SI Joint Fusion: Fixation or Fusion? Biomechanics of Stabilization

SI Joint Fusion: Fixation or Fusion? Biomechanics of Stabilization

Categories: Spine Surgery Technology

Tags: SI joint fusion Spine surgery

Lateral percutaneous SI joint fusion has evolved quickly — but the implants themselves may be asking a question we haven’t fully answered.

Are we solving a mechanical problem, or a biologic one?

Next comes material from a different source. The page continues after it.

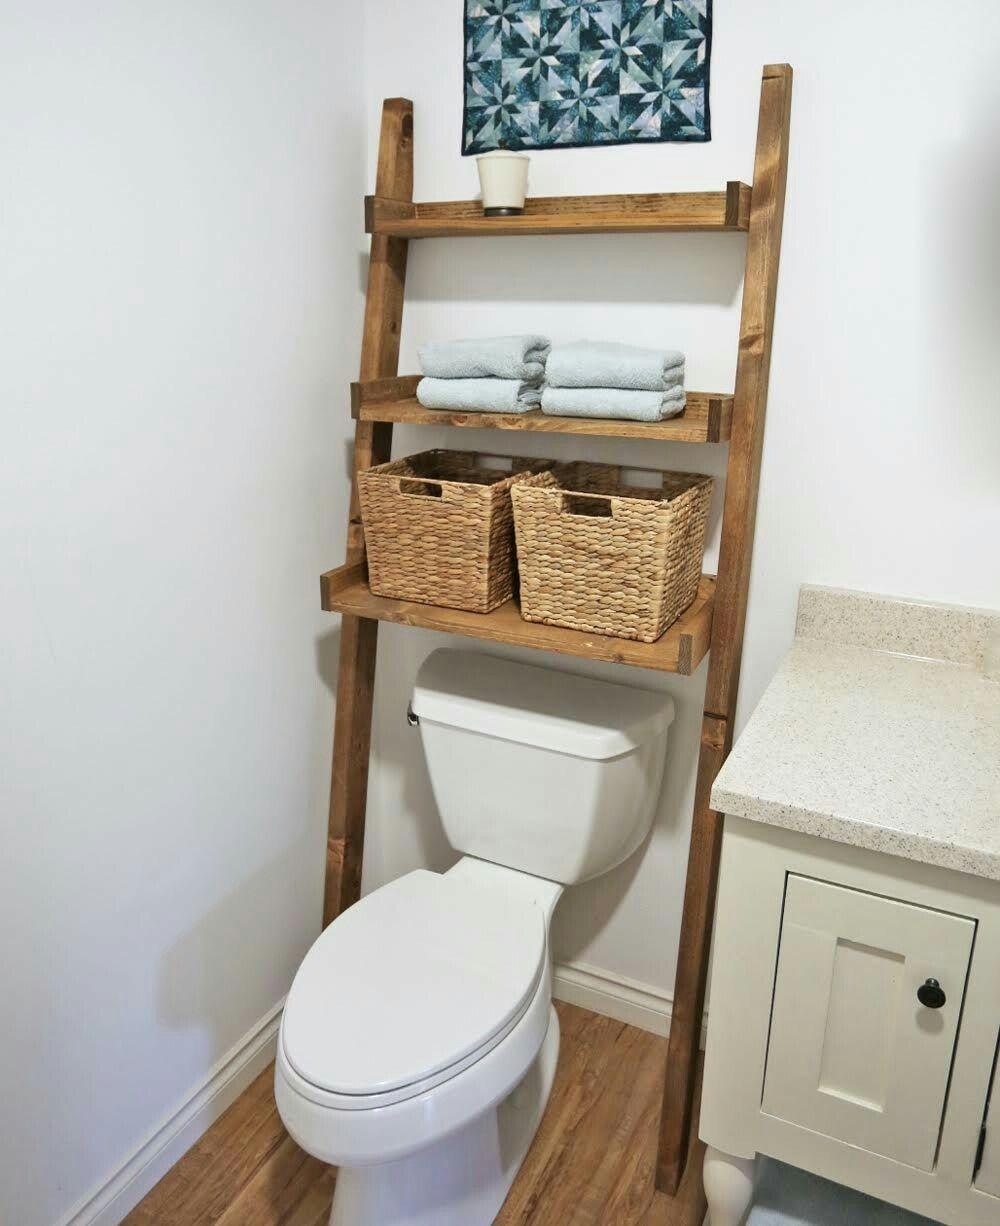 Pin By Jennifer Kosloski On Remodeling Pinterest Bathroom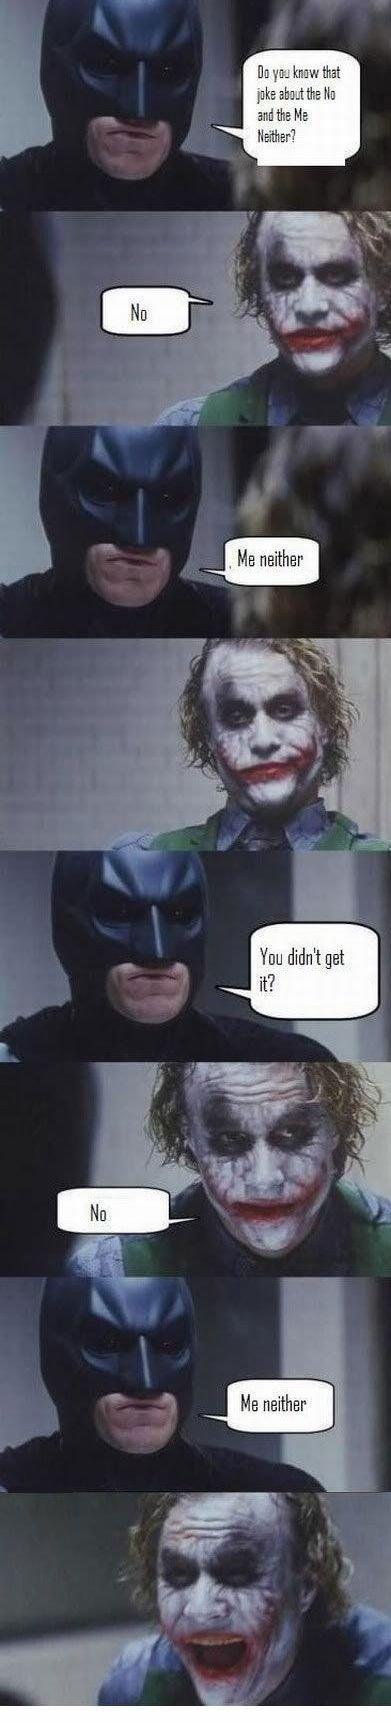 |. . and we Iain Driller? dim get. Batman told a joke? | and we Iain Driller? dim get Batman told a joke?

Newer lateral SI implants increasingly emphasize 3D-printed porous architecture, designed to promote bony ingrowth and long-term integration. Others prioritize compression across the SI joint, aiming for immediate stability with the assumption that fusion will follow.

Both approaches make sense — but they reflect different philosophies.

The same tension exists in how we think about grafting:

• Fenestrated screws that allow limited graft passage
• Versus implants that create a true graft channel spanning the joint

In some cases, stabilization alone appears sufficient for symptom relief. In others, the lack of robust bone continuity across the SI joint raises questions about durability and long-term outcomes.

Which raises a broader, uncomfortable question:

If fusion is truly the goal, are we grafting enough bone across the SI joint?

And should we be more seriously considering posterior dowel grafting — either as an adjunct in select patients, or as part of a staged fusion strategy — rather than relying solely on lateral fixation and fenestration?

There’s no consensus answer here.
But implant design may be subtly steering practice patterns more than data.

I’m interested in how others are thinking about this:

– Do you prioritize porous ingrowth or compression?
– Do you believe fenestration is sufficient for fusion?
– Have you incorporated posterior grafting in select cases — or avoided it entirely?

As with many spine technologies, the most useful insights may come from shared experience rather than specifications.